REQUIRED ACTION
No record may be left out; print them all verbatim.

(Records from a data collection)
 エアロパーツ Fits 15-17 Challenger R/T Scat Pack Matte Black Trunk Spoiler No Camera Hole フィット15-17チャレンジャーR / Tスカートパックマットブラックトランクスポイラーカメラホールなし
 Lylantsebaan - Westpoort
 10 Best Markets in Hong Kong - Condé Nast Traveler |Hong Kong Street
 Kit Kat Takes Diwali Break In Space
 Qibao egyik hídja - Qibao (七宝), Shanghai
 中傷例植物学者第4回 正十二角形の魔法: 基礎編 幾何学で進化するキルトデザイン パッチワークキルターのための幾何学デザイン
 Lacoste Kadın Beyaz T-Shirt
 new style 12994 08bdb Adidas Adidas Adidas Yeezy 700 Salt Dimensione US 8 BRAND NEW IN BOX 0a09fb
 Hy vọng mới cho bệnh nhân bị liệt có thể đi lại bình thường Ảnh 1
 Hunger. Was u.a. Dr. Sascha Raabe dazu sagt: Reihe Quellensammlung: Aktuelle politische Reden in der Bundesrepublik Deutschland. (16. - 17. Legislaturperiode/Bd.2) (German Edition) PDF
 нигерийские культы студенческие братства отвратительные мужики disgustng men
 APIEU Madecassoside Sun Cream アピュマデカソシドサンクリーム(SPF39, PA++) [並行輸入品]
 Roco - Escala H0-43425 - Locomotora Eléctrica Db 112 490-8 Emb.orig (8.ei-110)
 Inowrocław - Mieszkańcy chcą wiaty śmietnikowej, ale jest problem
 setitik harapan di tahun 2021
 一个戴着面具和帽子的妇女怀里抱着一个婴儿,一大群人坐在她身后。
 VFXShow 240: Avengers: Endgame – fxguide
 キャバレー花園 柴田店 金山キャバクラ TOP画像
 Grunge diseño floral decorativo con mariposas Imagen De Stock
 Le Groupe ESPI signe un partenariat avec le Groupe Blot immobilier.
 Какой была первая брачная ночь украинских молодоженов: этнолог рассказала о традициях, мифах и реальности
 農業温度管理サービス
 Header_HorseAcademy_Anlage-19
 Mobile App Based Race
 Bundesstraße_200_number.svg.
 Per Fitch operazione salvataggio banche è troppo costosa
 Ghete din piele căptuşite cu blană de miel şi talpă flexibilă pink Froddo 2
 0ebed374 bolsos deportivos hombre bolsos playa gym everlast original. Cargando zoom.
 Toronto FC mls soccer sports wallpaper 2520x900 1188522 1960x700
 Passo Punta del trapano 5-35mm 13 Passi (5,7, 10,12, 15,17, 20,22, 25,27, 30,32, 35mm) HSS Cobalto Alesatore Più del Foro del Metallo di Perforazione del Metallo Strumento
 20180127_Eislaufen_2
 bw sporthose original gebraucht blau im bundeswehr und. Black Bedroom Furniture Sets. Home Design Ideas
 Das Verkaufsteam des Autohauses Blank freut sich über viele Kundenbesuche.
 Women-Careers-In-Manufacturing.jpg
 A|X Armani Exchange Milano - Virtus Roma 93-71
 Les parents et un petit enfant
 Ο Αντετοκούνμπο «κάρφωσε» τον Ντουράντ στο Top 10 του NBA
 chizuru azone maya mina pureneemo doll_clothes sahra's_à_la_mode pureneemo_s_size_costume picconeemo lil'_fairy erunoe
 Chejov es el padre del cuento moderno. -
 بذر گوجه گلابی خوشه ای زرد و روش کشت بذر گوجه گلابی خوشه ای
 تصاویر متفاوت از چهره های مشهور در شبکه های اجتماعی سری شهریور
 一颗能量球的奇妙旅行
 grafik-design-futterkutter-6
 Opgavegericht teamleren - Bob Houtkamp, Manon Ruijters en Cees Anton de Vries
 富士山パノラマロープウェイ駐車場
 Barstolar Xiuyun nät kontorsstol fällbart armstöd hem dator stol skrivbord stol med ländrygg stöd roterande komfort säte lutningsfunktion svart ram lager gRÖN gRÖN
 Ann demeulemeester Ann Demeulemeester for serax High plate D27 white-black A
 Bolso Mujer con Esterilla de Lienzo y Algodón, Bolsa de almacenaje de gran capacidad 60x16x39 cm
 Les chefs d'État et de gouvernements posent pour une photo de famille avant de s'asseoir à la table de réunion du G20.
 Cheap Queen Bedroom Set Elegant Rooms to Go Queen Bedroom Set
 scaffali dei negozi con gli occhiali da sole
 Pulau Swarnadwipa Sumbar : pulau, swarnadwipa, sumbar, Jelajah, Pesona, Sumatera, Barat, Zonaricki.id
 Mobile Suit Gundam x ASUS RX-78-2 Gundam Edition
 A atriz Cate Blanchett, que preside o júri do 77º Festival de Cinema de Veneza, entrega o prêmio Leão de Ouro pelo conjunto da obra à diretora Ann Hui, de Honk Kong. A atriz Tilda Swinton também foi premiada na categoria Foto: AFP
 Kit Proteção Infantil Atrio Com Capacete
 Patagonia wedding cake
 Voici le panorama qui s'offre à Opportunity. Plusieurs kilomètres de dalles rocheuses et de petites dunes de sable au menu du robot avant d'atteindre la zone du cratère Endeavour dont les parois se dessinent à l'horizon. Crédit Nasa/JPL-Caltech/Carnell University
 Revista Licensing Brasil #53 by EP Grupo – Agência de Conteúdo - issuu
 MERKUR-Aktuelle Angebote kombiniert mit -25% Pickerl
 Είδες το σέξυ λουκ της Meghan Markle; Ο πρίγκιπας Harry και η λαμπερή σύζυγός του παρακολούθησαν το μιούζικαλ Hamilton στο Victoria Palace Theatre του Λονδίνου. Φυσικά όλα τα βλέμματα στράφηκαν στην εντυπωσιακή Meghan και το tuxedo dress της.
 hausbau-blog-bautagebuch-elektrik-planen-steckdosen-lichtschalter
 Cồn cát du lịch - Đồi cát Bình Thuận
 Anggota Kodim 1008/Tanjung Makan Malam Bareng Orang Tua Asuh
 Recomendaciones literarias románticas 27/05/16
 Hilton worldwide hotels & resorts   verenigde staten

REPLY TO THE EXERCISE
 エアロパーツ Fits 15-17 Challenger R/T Scat Pack Matte Black Trunk Spoiler No Camera Hole フィット15-17チャレンジャーR / Tスカートパックマットブラックトランクスポイラーカメラホールなし
 Lylantsebaan - Westpoort
 10 Best Markets in Hong Kong - Condé Nast Traveler |Hong Kong Street
 Kit Kat Takes Diwali Break In Space
 Qibao egyik hídja - Qibao (七宝), Shanghai
 中傷例植物学者第4回 正十二角形の魔法: 基礎編 幾何学で進化するキルトデザイン パッチワークキルターのための幾何学デザイン
 Lacoste Kadın Beyaz T-Shirt
 new style 12994 08bdb Adidas Adidas Adidas Yeezy 700 Salt Dimensione US 8 BRAND NEW IN BOX 0a09fb
 Hy vọng mới cho bệnh nhân bị liệt có thể đi lại bình thường Ảnh 1
 Hunger. Was u.a. Dr. Sascha Raabe dazu sagt: Reihe Quellensammlung: Aktuelle politische Reden in der Bundesrepublik Deutschland. (16. - 17. Legislaturperiode/Bd.2) (German Edition) PDF
 нигерийские культы студенческие братства отвратительные мужики disgustng men
 APIEU Madecassoside Sun Cream アピュマデカソシドサンクリーム(SPF39, PA++) [並行輸入品]
 Roco - Escala H0-43425 - Locomotora Eléctrica Db 112 490-8 Emb.orig (8.ei-110)
 Inowrocław - Mieszkańcy chcą wiaty śmietnikowej, ale jest problem
 setitik harapan di tahun 2021
 一个戴着面具和帽子的妇女怀里抱着一个婴儿,一大群人坐在她身后。
 VFXShow 240: Avengers: Endgame – fxguide
 キャバレー花園 柴田店 金山キャバクラ TOP画像
 Grunge diseño floral decorativo con mariposas Imagen De Stock
 Le Groupe ESPI signe un partenariat avec le Groupe Blot immobilier.
 Какой была первая брачная ночь украинских молодоженов: этнолог рассказала о традициях, мифах и реальности
 農業温度管理サービス
 Header_HorseAcademy_Anlage-19
 Mobile App Based Race
 Bundesstraße_200_number.svg.
 Per Fitch operazione salvataggio banche è troppo costosa
 Ghete din piele căptuşite cu blană de miel şi talpă flexibilă pink Froddo 2
 0ebed374 bolsos deportivos hombre bolsos playa gym everlast original. Cargando zoom.
 Toronto FC mls soccer sports wallpaper 2520x900 1188522 1960x700
 Passo Punta del trapano 5-35mm 13 Passi (5,7, 10,12, 15,17, 20,22, 25,27, 30,32, 35mm) HSS Cobalto Alesatore Più del Foro del Metallo di Perforazione del Metallo Strumento
 20180127_Eislaufen_2
 bw sporthose original gebraucht blau im bundeswehr und. Black Bedroom Furniture Sets. Home Design Ideas
 Das Verkaufsteam des Autohauses Blank freut sich über viele Kundenbesuche.
 Women-Careers-In-Manufacturing.jpg
 A|X Armani Exchange Milano - Virtus Roma 93-71
 Les parents et un petit enfant
 Ο Αντετοκούνμπο «κάρφωσε» τον Ντουράντ στο Top 10 του NBA
 chizuru azone maya mina pureneemo doll_clothes sahra's_à_la_mode pureneemo_s_size_costume picconeemo lil'_fairy erunoe
 Chejov es el padre del cuento moderno. -
 بذر گوجه گلابی خوشه ای زرد و روش کشت بذر گوجه گلابی خوشه ای
 تصاویر متفاوت از چهره های مشهور در شبکه های اجتماعی سری شهریور
 一颗能量球的奇妙旅行
 grafik-design-futterkutter-6
 Opgavegericht teamleren - Bob Houtkamp, Manon Ruijters en Cees Anton de Vries
 富士山パノラマロープウェイ駐車場
 Barstolar Xiuyun nät kontorsstol fällbart armstöd hem dator stol skrivbord stol med ländrygg stöd roterande komfort säte lutningsfunktion svart ram lager gRÖN gRÖN
 Ann demeulemeester Ann Demeulemeester for serax High plate D27 white-black A
 Bolso Mujer con Esterilla de Lienzo y Algodón, Bolsa de almacenaje de gran capacidad 60x16x39 cm
 Les chefs d'État et de gouvernements posent pour une photo de famille avant de s'asseoir à la table de réunion du G20.
 Cheap Queen Bedroom Set Elegant Rooms to Go Queen Bedroom Set
 scaffali dei negozi con gli occhiali da sole
 Pulau Swarnadwipa Sumbar : pulau, swarnadwipa, sumbar, Jelajah, Pesona, Sumatera, Barat, Zonaricki.id
 Mobile Suit Gundam x ASUS RX-78-2 Gundam Edition
 A atriz Cate Blanchett, que preside o júri do 77º Festival de Cinema de Veneza, entrega o prêmio Leão de Ouro pelo conjunto da obra à diretora Ann Hui, de Honk Kong. A atriz Tilda Swinton também foi premiada na categoria Foto: AFP
 Kit Proteção Infantil Atrio Com Capacete
 Patagonia wedding cake
 Voici le panorama qui s'offre à Opportunity. Plusieurs kilomètres de dalles rocheuses et de petites dunes de sable au menu du robot avant d'atteindre la zone du cratère Endeavour dont les parois se dessinent à l'horizon. Crédit Nasa/JPL-Caltech/Carnell University
 Revista Licensing Brasil #53 by EP Grupo – Agência de Conteúdo - issuu
 MERKUR-Aktuelle Angebote kombiniert mit -25% Pickerl
 Είδες το σέξυ λουκ της Meghan Markle; Ο πρίγκιπας Harry και η λαμπερή σύζυγός του παρακολούθησαν το μιούζικαλ Hamilton στο Victoria Palace Theatre του Λονδίνου. Φυσικά όλα τα βλέμματα στράφηκαν στην εντυπωσιακή Meghan και το tuxedo dress της.
 hausbau-blog-bautagebuch-elektrik-planen-steckdosen-lichtschalter
 Cồn cát du lịch - Đồi cát Bình Thuận
 Anggota Kodim 1008/Tanjung Makan Malam Bareng Orang Tua Asuh
 Recomendaciones literarias románticas 27/05/16
 Hilton worldwide hotels & resorts   verenigde staten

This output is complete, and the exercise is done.